Examining it on a per capita basis revealed a significant 0.9% contraction in Q3, contributing to an annual economic decline of more than 3%. This clearly shows that RBNZ’s restrictive monetary policy is working, the economists said.
Financial markets swiftly responded to the weak economic numbers, experiencing considerable drops in rates and a slight decline in the currency.
Migration and economic impact of RBNZ policies
Despite a surge in migration, New Zealand's economic resilience is being challenged by high-interest rates and the restrictive RBNZ policies, impacting both households and businesses.
The weakness observed in goods-producing industries, particularly in manufacturing (-3.4%), electricity, gas, and waste services (-2.5%), and construction (-1.7%), contributed to the economic downturn. However, primary industries (+0.6%), led by agriculture (0.8%), showed modest growth.
The services sector rose by 0.4% in the quarter, yet significant weaknesses were evident.

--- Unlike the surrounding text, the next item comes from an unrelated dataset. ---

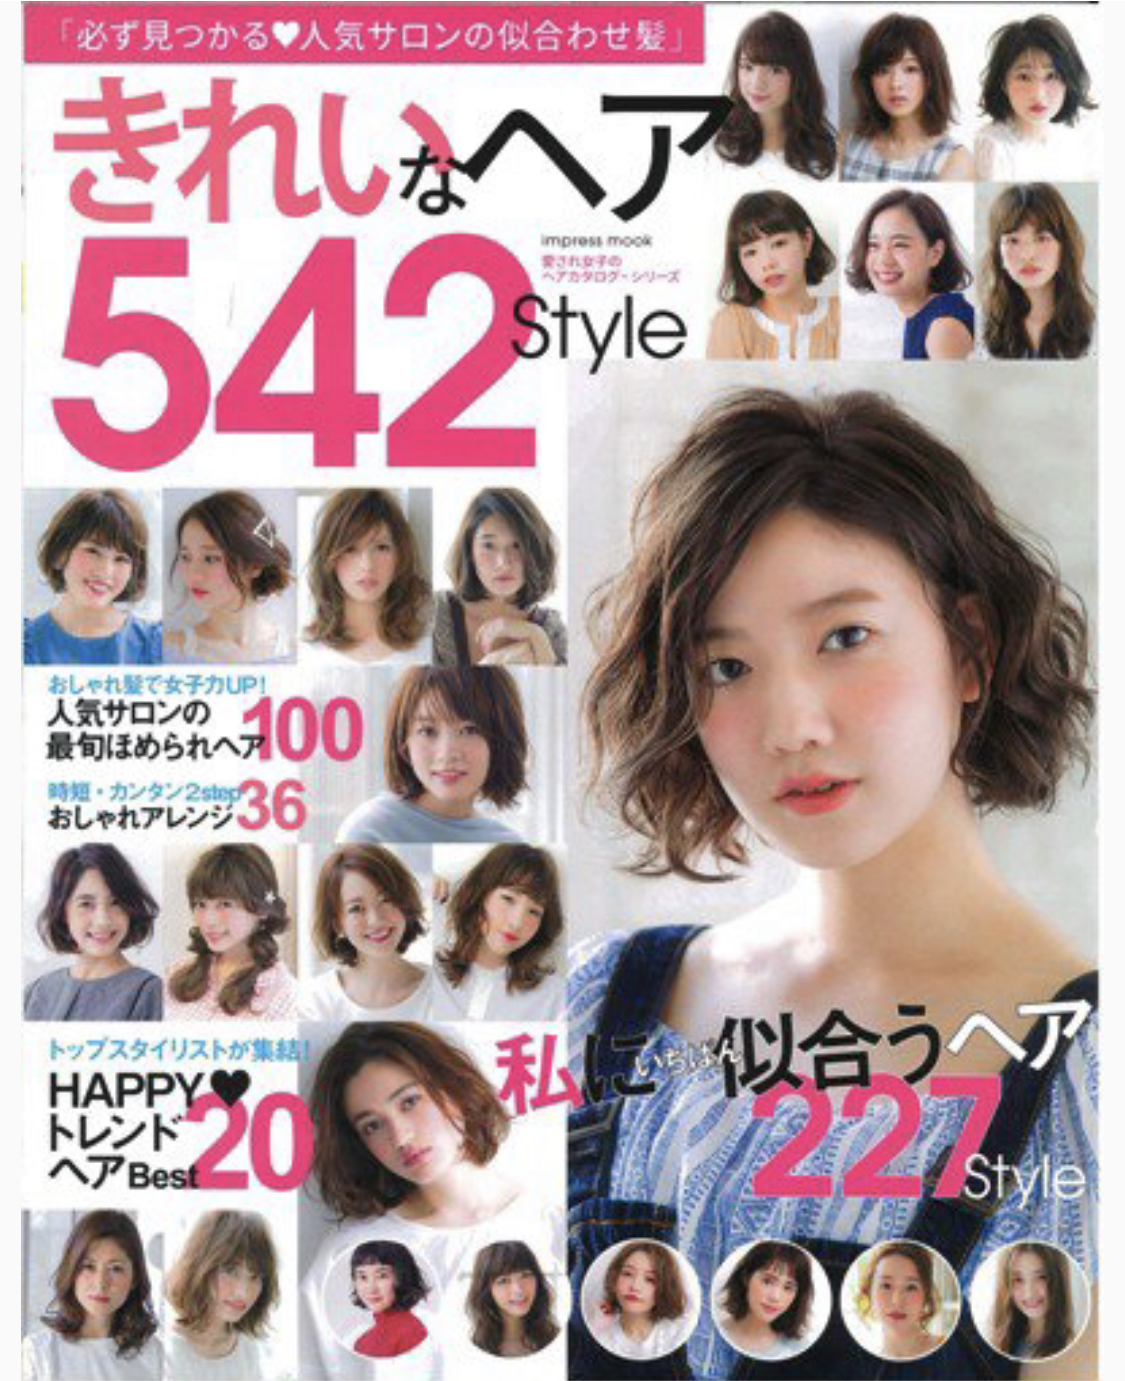 2017年2月21日発売!きれいなヘア542style stylist 中西美加

The transport, postal, and warehousing group saw a substantial 4.5% contraction, largely influenced by a 4.1% decline in goods exports, reflecting the challenges posed by a softening global backdrop.
Wholesale trade experienced a nearly 2% decline, and retail trade, along with accommodation, saw a 0.2% decrease. This pattern persists, with elevated interest rates contributing to subdued demand and reduced output.

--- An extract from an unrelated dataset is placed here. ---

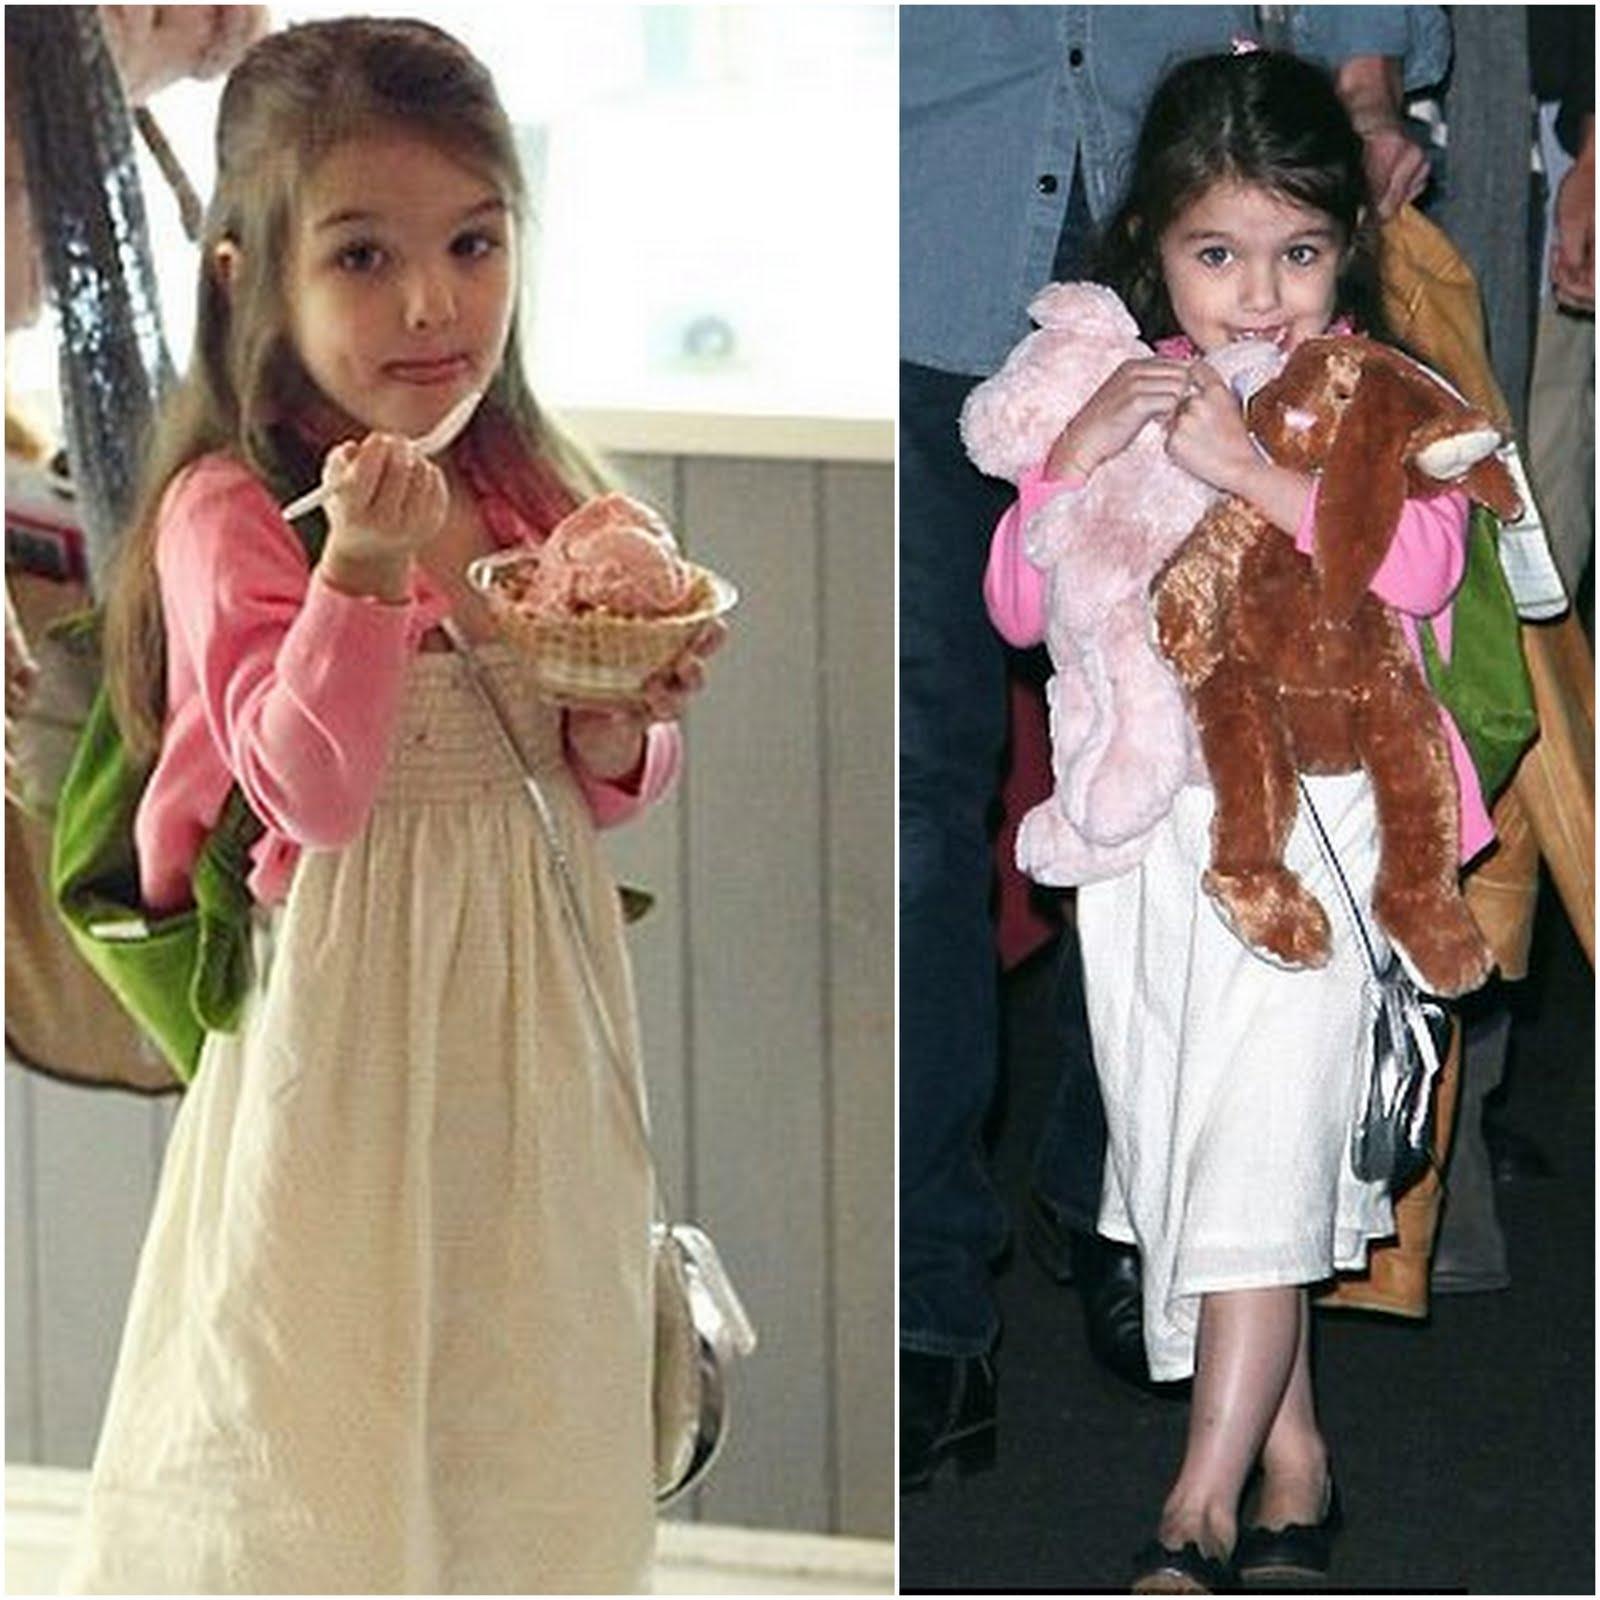 http://2.bp.blogspot.com/_pXNLY6HB8eU/S_uYMqlSMfI/AAAAAAABZUk/qr5EV7yIBjY/s1600/Pictures1.jpg

“Perhaps the few areas where our surging net migration have overcome the effects of high interest rates and had an impact are on the rental hiring and real estate group, up 1%, and the health care group, up 2.3%,” the Kiwibank economists said. “Beyond this however, the message is clear. High interest rates: 1, surging net migration: 0.”
In terms of expenditure GDP, there was an even deeper contraction of -0.7% in the quarter, with household consumption and business investment both experiencing declines. Despite strong migration, the economic outlook remains soft, and the country is expected to slip into a recession.
Outlook for the NZ economy
The Kiwibank economists anticipate RBNZ to likely keep the cash rate at 5.5%, with rate cuts the potential next move, just not for a while yet.
“We don’t believe further hikes to the cash rate are necessary,” they said. “Forward looking economic indicators point to a cooling domestic economy, inflation continues to move south, and the labour market is softening fast. Monetary policy is restrictive enough.”
The economists penned in a rate cut in November – a year ahead of RBNZ projections, although they said an earlier move is also possible.
The Kiwi currency experienced a notable increase but faces uncertainty amid global economic conditions. The overall economic outlook remains uncertain, with concerns about inflation, interest rates, and the impact on households and businesses, Kiwibank reported.